§ EXERCISE DESCRIPTION: Pictures must not appear in the copy. Restate exactly the lines below from the one with "L'équipe du Stade" through the one with "Marseille. France. La", inclusive.

§ RECORDS PROVIDED:
* * * * * * *

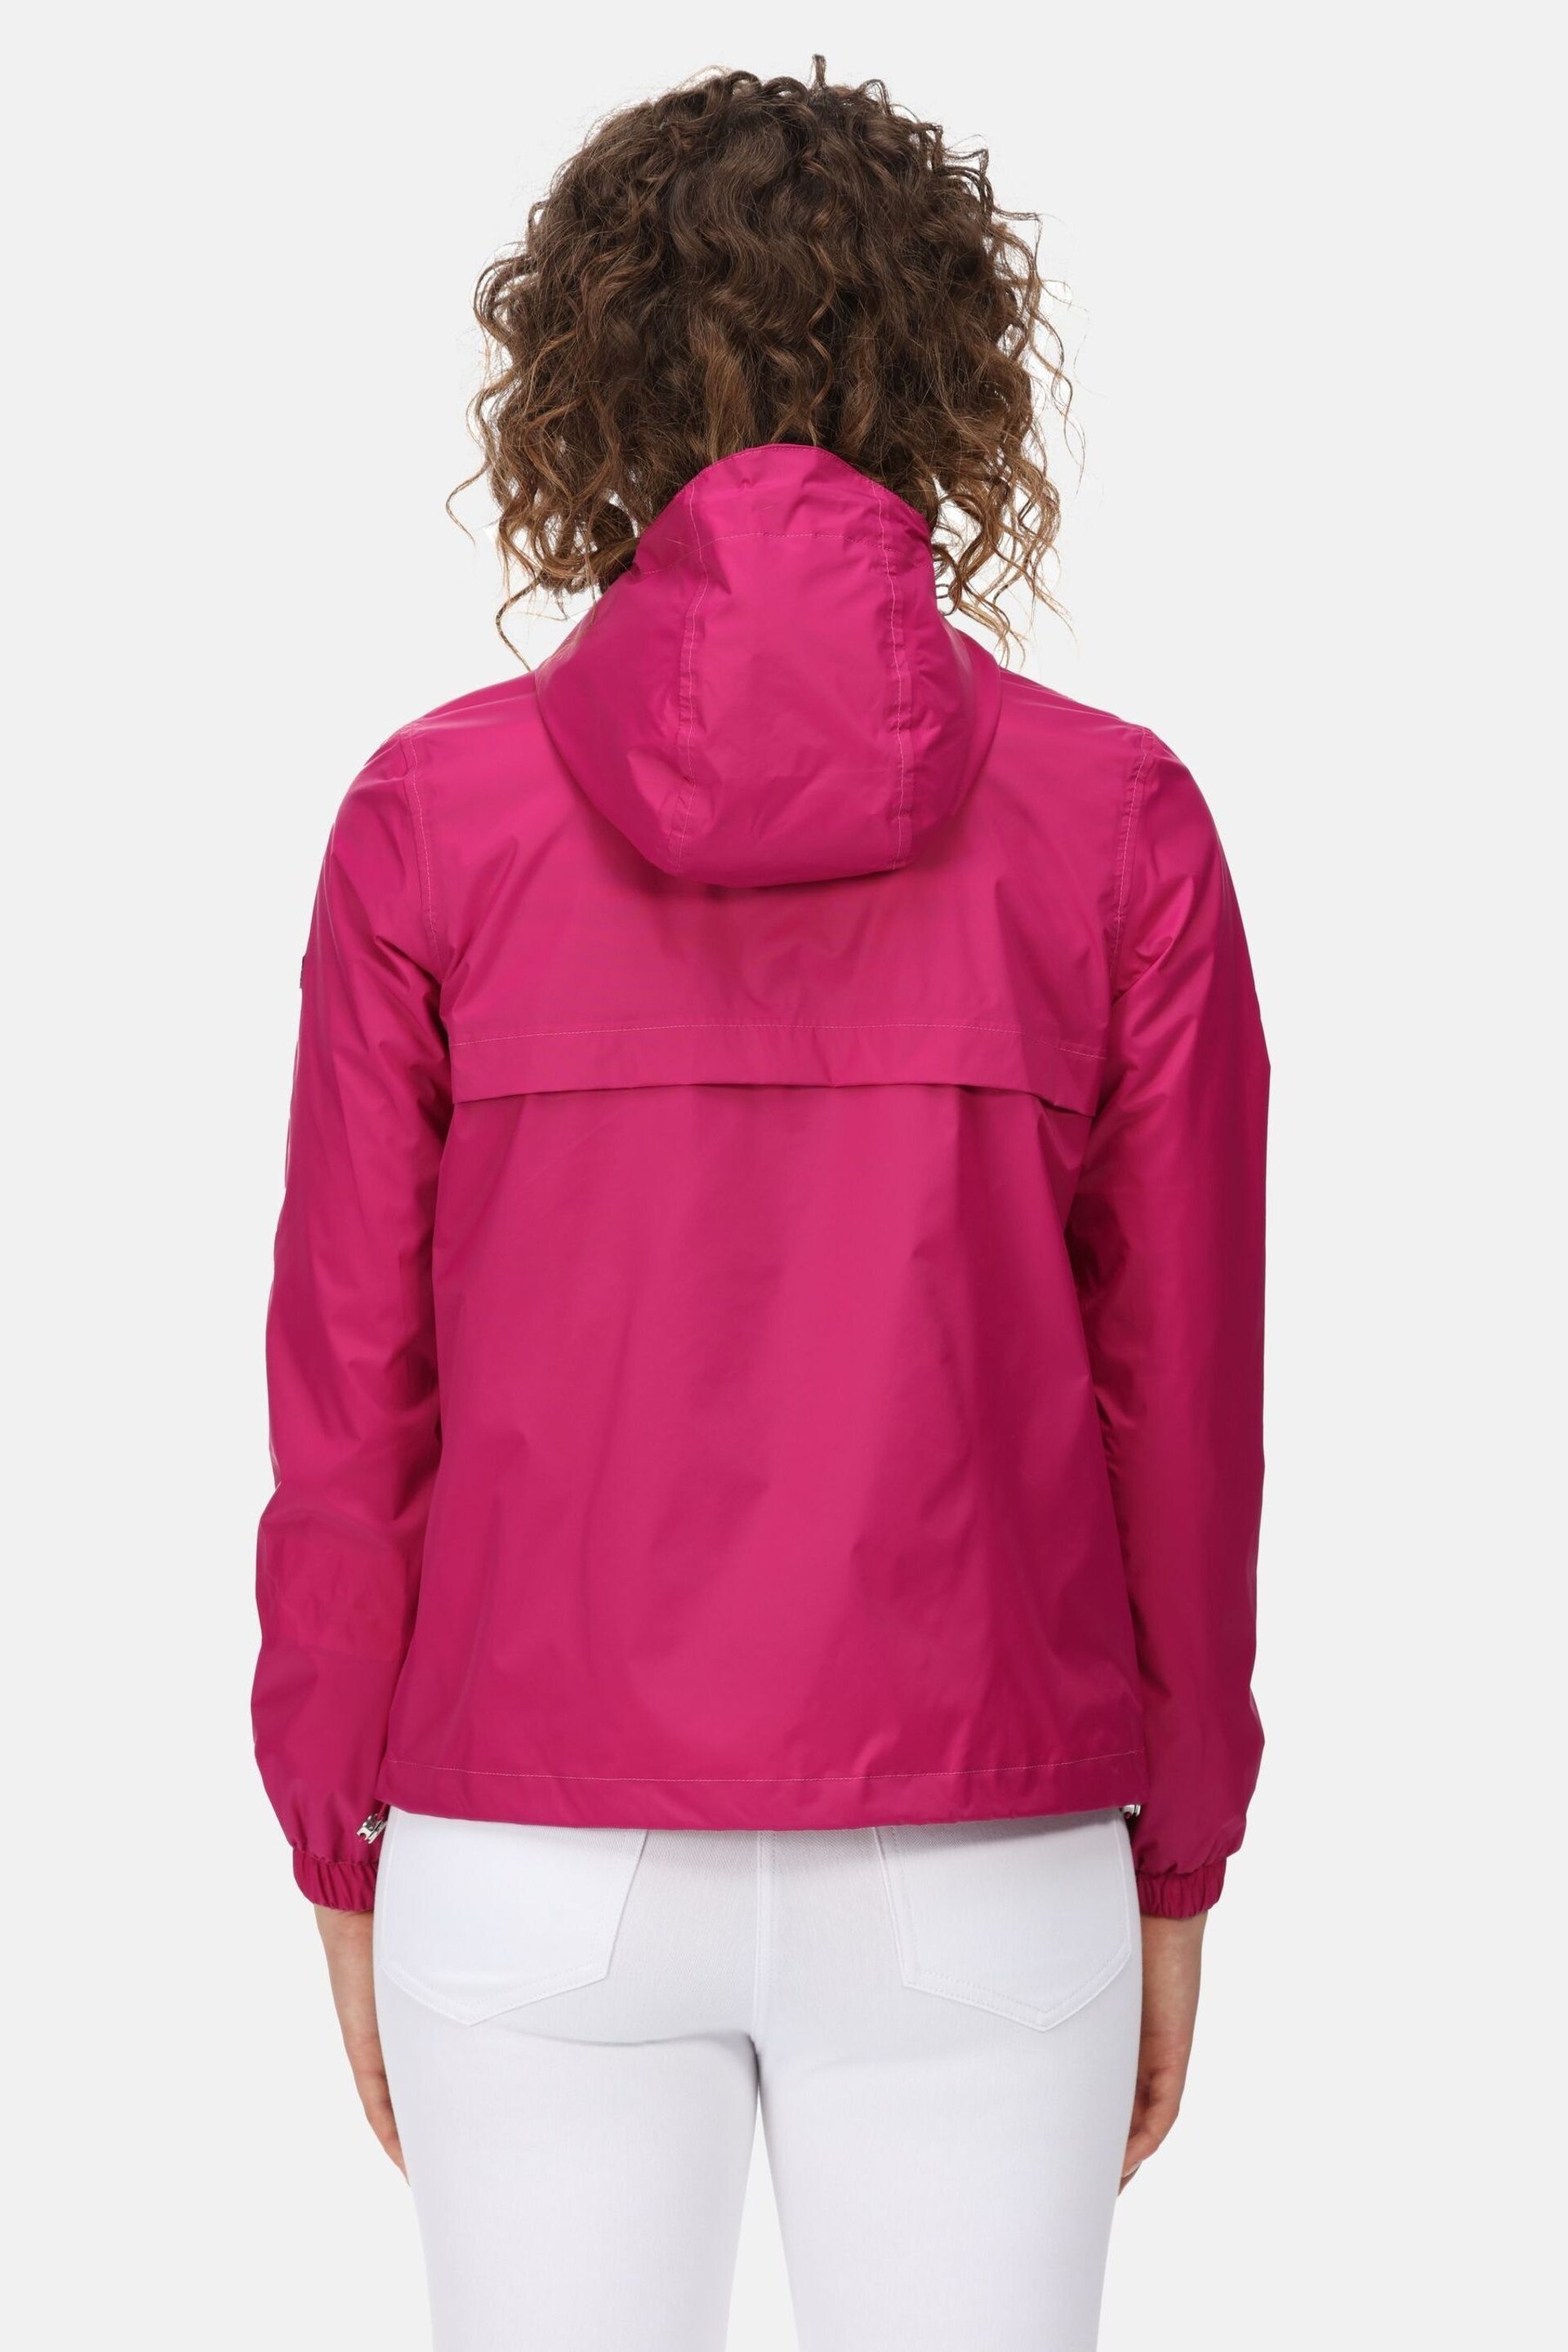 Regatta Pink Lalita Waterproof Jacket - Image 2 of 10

* * * * * * *

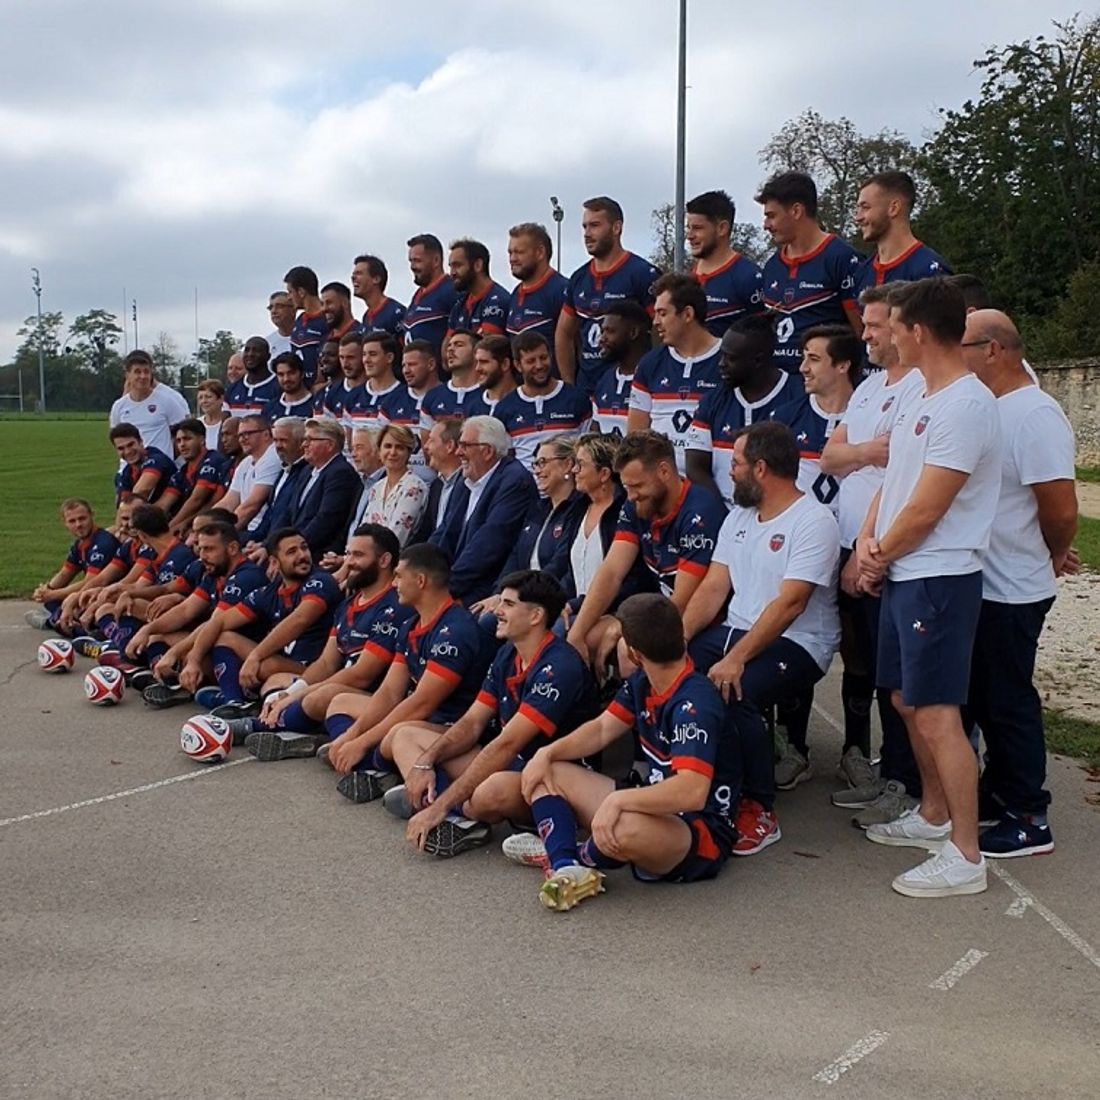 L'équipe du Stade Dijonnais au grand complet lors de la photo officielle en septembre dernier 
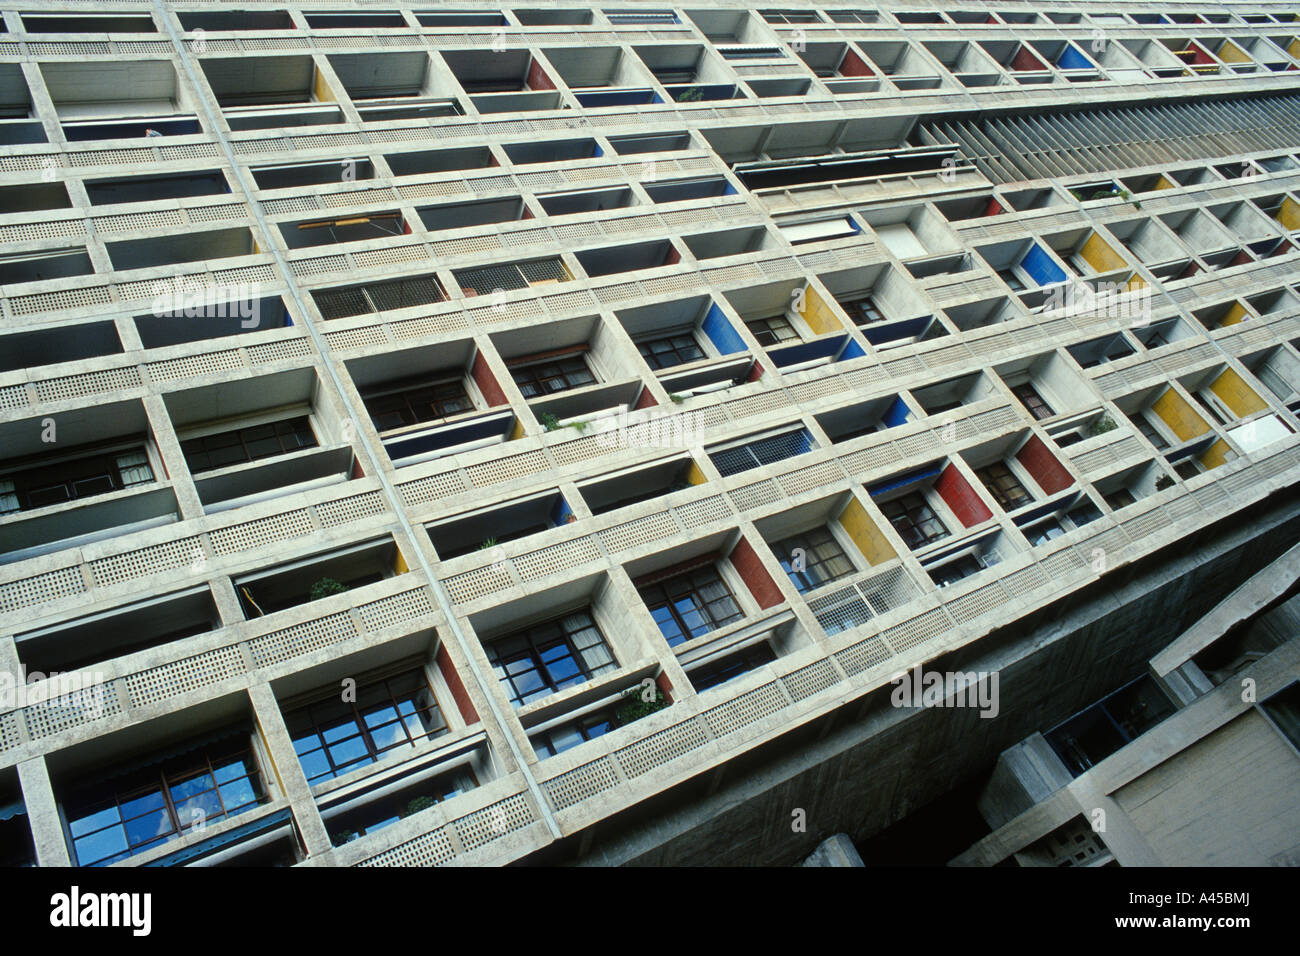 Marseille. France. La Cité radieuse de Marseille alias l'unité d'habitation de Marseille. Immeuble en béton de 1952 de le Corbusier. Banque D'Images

* * * * * * *

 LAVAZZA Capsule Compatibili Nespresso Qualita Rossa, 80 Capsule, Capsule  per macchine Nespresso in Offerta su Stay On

* * * * * * *

§ OUTPUT OF THE TASK:
 L'équipe du Stade Dijonnais au grand complet lors de la photo officielle en septembre dernier 
 Marseille. France. La Cité radieuse de Marseille alias l'unité d'habitation de Marseille. Immeuble en béton de 1952 de le Corbusier. Banque D'Images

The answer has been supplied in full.